As Daniel Sturridge came across to the touchline at Stade des Bourgognes, leant over the fence around England’s training pitch and started making his case that he could live with being on the fringes of Roy Hodgson’s team, one awkward question had to be asked of a player not always renowned for his lack of ego.
Sturridge certainly sounded like he meant it when he declared he would accept being out of the side in England’s opening Euro 2016 game against Russia on Saturday and, in black and white, his words typified the kind of attitude Hodgson must want from his squad. There was praise for Marcus Rashford – “a good player” – and an insistence, repeated several times, that he would not rock the boat if there was no way into the starting line-up past Wayne Rooney, Harry Kane and Jamie Vardy.
“It’s about being here as a team. I look at other countries when they score and everyone is off the bench. They are all involved, all jumping on each other, celebrating – and that’s how we have to be. We have to be a team. It’s very important. We have to be a family.
“We don’t have our mums, dads, kids and all those things here. Out here, we’re the only people we’ve got. So we’re our own family and we have to be together.”
It was some speech even if the over‑riding message – “we can’t win this thing if there are egos or problems in the camp” – did not entirely tally with the public perception of him in Liverpool’s colours or one of the recent images from another England game. Sturridge’s expression when the television cameras panned on him after Rashford’s debut goal against Australia was unsmiling, at best, and there were other parts of the game when he could be seen fiddling with his phone in the stands rather than watching the team.
So, how does that fit with his call for togetherness now? And did he wince seeing that photograph? “No, not at all,” Sturridge says, before trying to offer some context. “As well as the game, it was my first annual charity event [the Sturridge Foundation] in Birmingham that night. My family had put on the event and they were texting me the whole night.
“Of course it’s important to watch my team-mates play but if I receive a text message about my charity event of course I’m going to reply to it. That’s important to me, just as much as it is being here. But of course I want my team-mates to do well and there was no disrespect at all.
“The manager came to me and said he had no problem with it because I was sat behind the bench, not on the bench with the team.”
It was an explanation of sorts, even if it did not entirely explain why he looked so sullen. Yet, in fairness, Sturridge did probably have justifiable reasons to feel concerned at that point, nursing another flare-up of his calf issues and with his place in Hodgson’s squad looking vulnerable.
“I played in the Europa League final and I had some tension in my calf but it wasn’t as if I had torn any muscles,” he says. “It was always going to be gone five to six days after I arrived and it [getting into the squad] was never touch and go as far as I was concerned. I wasn’t worried. I am not the type of person to worry. It was the manager’s decision and If I hadn’t made the squad I would have wished the boys the best of luck.”
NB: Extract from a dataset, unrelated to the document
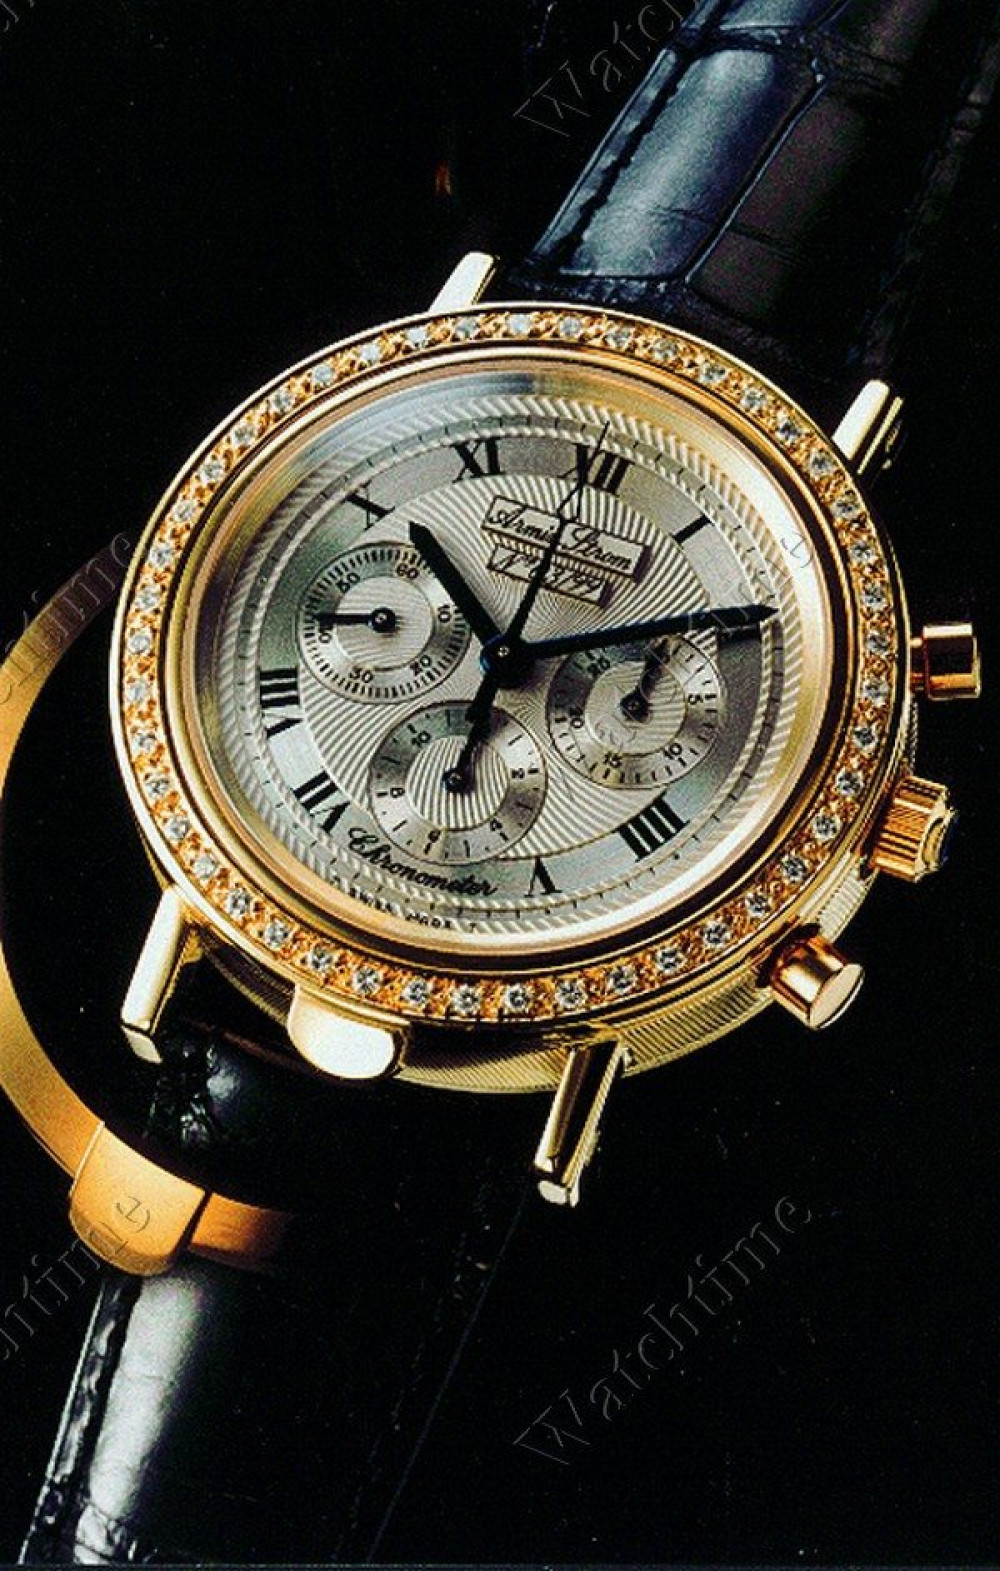 Zegarek firmy Armin Strom, model Chronograph

It will be the same, he says, in Marseille at the weekend if a player who was once considered a mandatory first‑team pick has to start on the bench. “It is a team game,” Sturridge says.
“It isn’t about individuals. It isn’t about myself, Marcus, Wazza, Harry or Vardy. It’s about the team and how we are going to be successful as a team in the Euros.”
He does, however, note that he “can offer something different” and it is worth remembering that Hodgson considers him the most natural finisher of all his five strikers. Sturridge’s goal for Liverpool in the Europa League final was the case in point. “It was instinctive,” he says. “In training I try to use the outside of my foot quite a lot. I also speak to the goalkeepers to find out things they don’t like to give myself an advantage over opposition goalkeepers.
“That style of shot gives them problems. It’s difficult to get too much power because there isn’t a great deal of back-lift but I’ve picked up things from playing with, or watching, other players. Didi Hamann was very big with the outside of his foot. Deco was very good with the outside of his foot, Paul Merson was top drawer with the outside of his foot. I’m always learning and trying to improve.”
For now, he might have to learn by being what is known in tournament football as a “good tourist”. Yet the suspicion persists that it is not something Sturridge really wants to contemplate. “I’m not here for a holiday,” he says, matter-of-factly.